It’s an e-tailer that still derives most of its revenue from non-Internet sources, which, along with the amusing ads featuring William Shatner, might explain why it has gotten less publicity (or notoriety) than chief competitor priceline.com.
But though Cheap Tickets
may have no high-profile celebrity pitching its low air fares and hotel rooms, the Hawaii-based company does have one thing for which priceline.com and its investors would no doubt pay dearly: profits.
In fact, CTIX has run in the black for seven straight quarters, the most recent (Q3) showing net income of $4.3 million, or 18 cents per share, on revenues of $121.4 million.
In contrast, priceline.com, with much higher revenues of $341 million in the third quarter, turned in a loss of $199 million, or $1.19 per share. Last Thursday, the troubled “name your price” e-tailer announced yet another round of layoffs and the cancellation of plans to expand its services.
And while PCLN has been one of the biggest busts among ‘Net stocks this year – down 95% through Monday’s trading, despite surging up 30% after last week’s news – Cheap Tickets shares have declined by only about one-third since Dec. 31, closing Monday at $8.75.
Which could mean there’s more downside coming for CTIX. However, the company’s highly favorable valuation should provide enough buoyancy to prevent much more stock-price erosion. With a market capitalization of $218 million, Cheap Tickets is valued at 0.5x trailing 12 months’ revenue of $416.5 million. That’s the best revenue-multiple valuation I’ve ever seen among profitable Internet companies.
Of course, as mentioned earlier, Cheap Tickets really isn’t a pure Internet play. Begun in 1986, the company’s prime business – which accounts for 94% of sales – is to purchase non-published air fares from the carriers and re-sell them at a discount to consumers. Up until 1997, all of its sales came through four call centers and a dozen retail outlets.
This changed in 1997, when CTIX launched its cheaptickets.com Web site. By last year’s third quarter, 27% of sales came via the Internet. That increased to 37.4%, or $45.4 million, in the recent third quarter.

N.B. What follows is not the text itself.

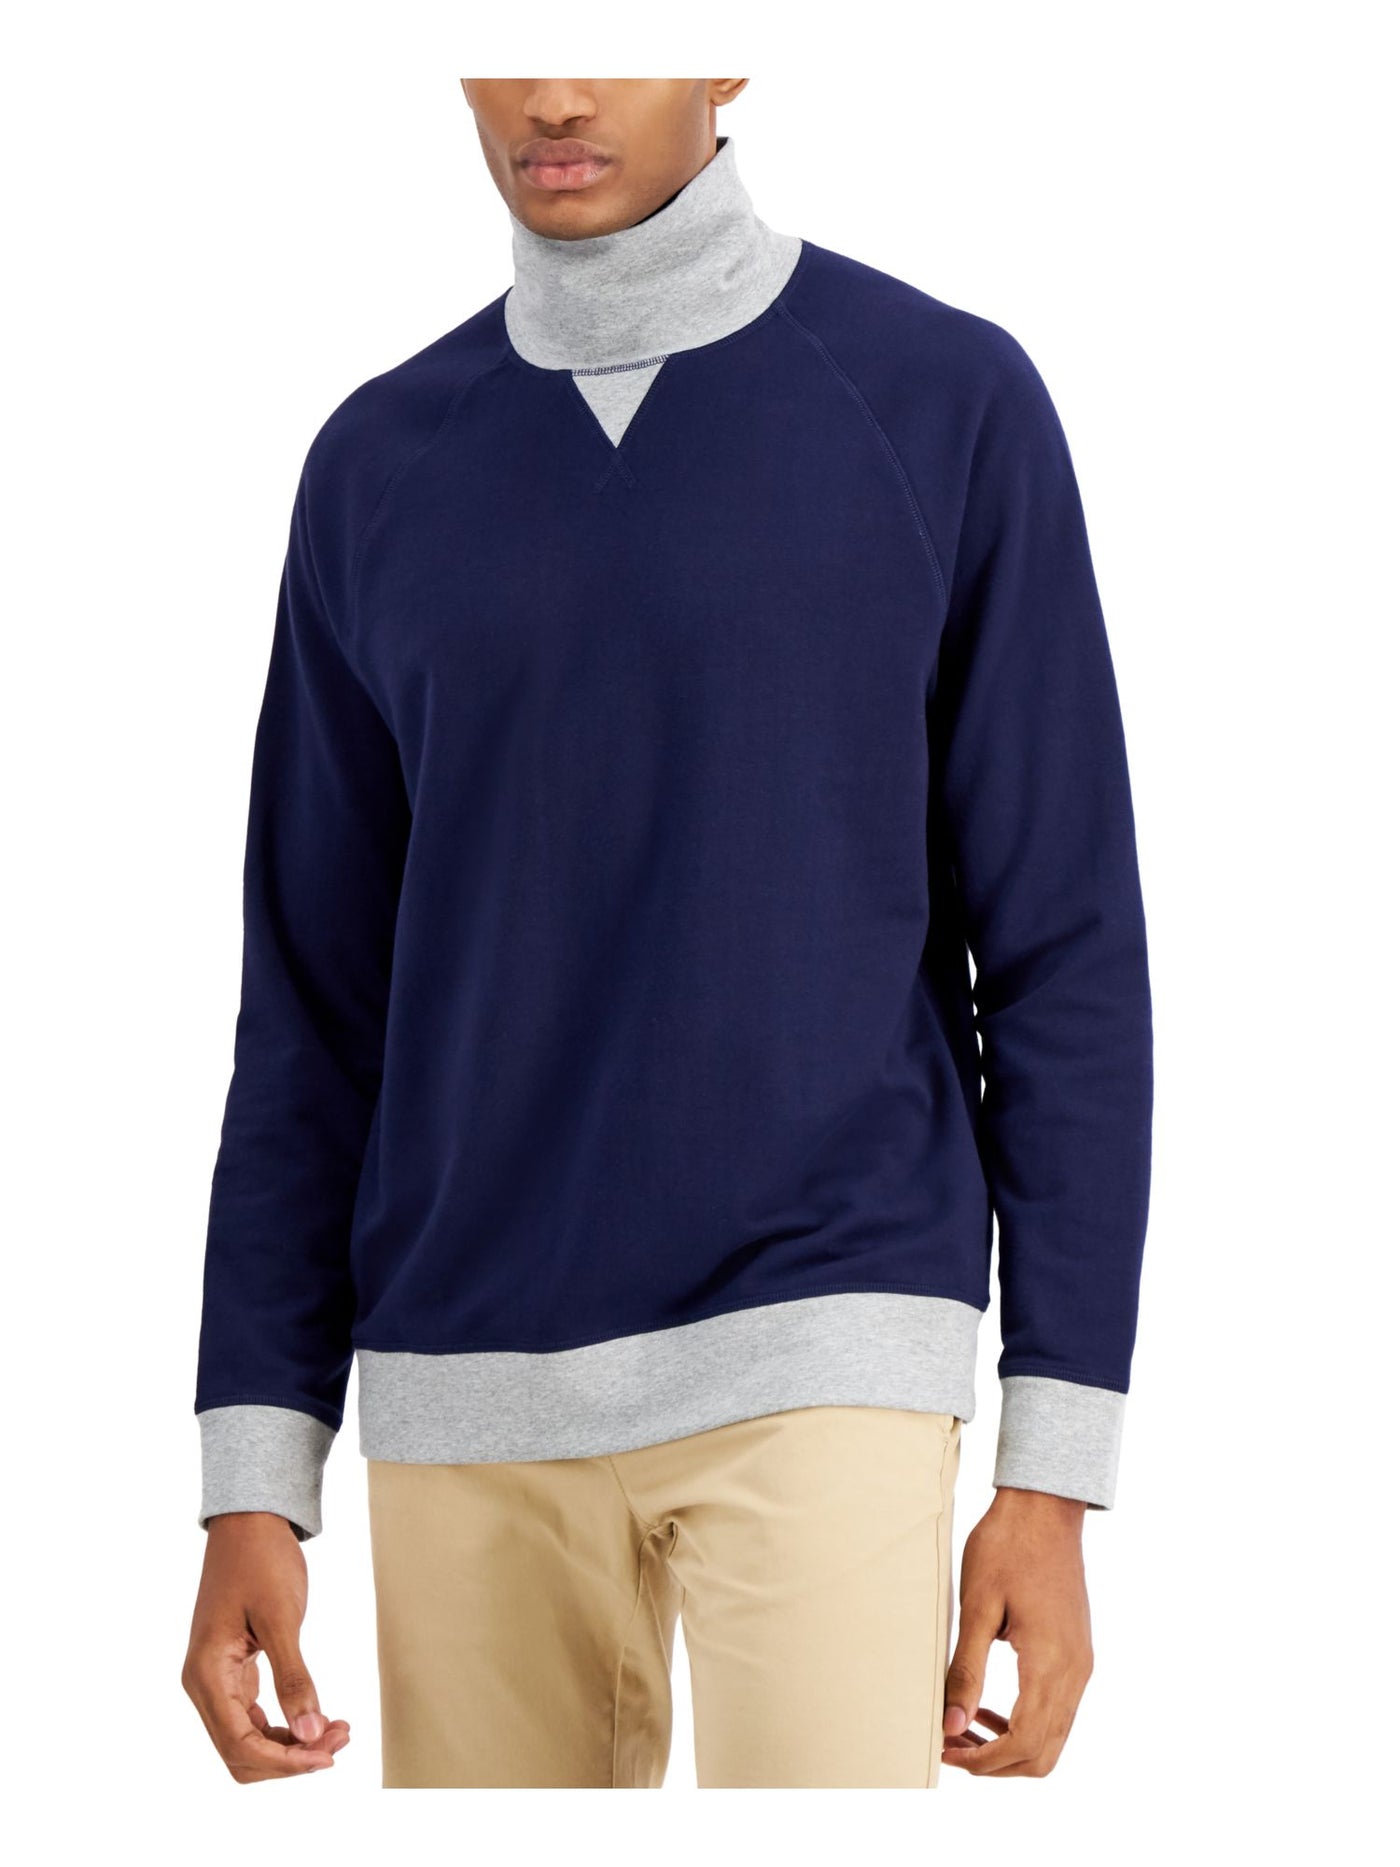 CLUBROOM Mens Navy Color Block Turtle Neck Classic Fit Fleece Sweatshirt XXL

Further, while Internet-based revenues are rising both on a dollar and percentage basis, call center and retail revenues actually are declining on a dollar basis as the company focuses more on the Web, a strategy shift that has been accompanied by higher gross margins.
All of the above are good reasons to expect CTIX shares to rise. Now here’s why I don’t expect them to rise too far.
The main problem is a severe slowdown in revenue growth. Sales in the recent third quarter were just 10% above last year’s Q3, down from Q2’s 25% year-over-year revenue increase, which was way below the 65% increase in first-quarter sales. Granted, the increase in Internet-based revenue for Q3 was 53% over the year-ago period, but even that number isn’t eye-catching among ‘Net investors.
Then there’s the threat of competition, including Hotwire.com, a discount travel Web site start-up that is being supported by a six major airlines. Other airlines also should be expected to get more directly involved in selling unsold and unpublished air fares, a trend that will put even more pressure on Cheap Tickets to develop other revenue sources.
With viable options for ‘Net investors seemingly shrinking on a daily basis, Cheap Tickets is definitely worth a look. It is profitable and its shares affordable, which bodes well should a larger player eventually scoop up the company.